What you should do:
Pull out every line below containing the word "como".

Supplied records:

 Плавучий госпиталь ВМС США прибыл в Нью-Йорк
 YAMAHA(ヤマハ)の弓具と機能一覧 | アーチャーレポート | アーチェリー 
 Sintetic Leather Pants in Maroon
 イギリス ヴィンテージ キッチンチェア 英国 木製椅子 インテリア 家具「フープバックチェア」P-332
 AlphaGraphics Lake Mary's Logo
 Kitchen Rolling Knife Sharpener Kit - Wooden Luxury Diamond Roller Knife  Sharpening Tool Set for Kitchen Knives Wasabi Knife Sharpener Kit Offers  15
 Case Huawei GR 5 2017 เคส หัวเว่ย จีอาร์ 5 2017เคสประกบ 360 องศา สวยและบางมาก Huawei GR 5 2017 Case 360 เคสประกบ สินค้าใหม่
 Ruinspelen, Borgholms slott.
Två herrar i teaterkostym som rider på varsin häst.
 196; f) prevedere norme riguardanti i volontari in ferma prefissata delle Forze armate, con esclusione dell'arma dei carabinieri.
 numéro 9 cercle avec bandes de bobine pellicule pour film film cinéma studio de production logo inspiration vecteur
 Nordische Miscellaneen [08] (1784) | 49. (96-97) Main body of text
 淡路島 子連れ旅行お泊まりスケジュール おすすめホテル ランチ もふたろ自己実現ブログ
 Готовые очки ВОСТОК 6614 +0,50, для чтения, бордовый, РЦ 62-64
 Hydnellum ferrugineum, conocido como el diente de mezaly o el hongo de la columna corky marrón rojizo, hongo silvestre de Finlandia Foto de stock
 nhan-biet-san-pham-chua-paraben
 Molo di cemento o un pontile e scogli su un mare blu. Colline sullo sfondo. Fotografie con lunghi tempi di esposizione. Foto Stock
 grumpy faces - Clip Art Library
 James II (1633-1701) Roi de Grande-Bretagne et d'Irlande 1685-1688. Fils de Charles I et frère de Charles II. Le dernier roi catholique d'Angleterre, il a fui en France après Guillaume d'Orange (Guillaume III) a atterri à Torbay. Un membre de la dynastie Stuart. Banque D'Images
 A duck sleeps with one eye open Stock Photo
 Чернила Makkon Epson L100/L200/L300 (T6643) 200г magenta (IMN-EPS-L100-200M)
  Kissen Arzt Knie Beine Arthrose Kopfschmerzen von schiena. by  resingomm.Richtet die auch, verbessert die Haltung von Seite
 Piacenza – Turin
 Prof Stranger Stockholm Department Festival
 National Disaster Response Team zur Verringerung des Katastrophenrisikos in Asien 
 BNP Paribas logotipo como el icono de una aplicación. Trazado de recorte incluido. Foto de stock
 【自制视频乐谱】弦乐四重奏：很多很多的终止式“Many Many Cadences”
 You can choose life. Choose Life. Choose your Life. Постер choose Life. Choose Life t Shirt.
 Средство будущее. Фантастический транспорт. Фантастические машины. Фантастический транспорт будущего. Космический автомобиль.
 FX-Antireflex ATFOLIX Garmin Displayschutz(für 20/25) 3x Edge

Task result:
 Hydnellum ferrugineum, conocido como el diente de mezaly o el hongo de la columna corky marrón rojizo, hongo silvestre de Finlandia Foto de stock
 BNP Paribas logotipo como el icono de una aplicación. Trazado de recorte incluido. Foto de stock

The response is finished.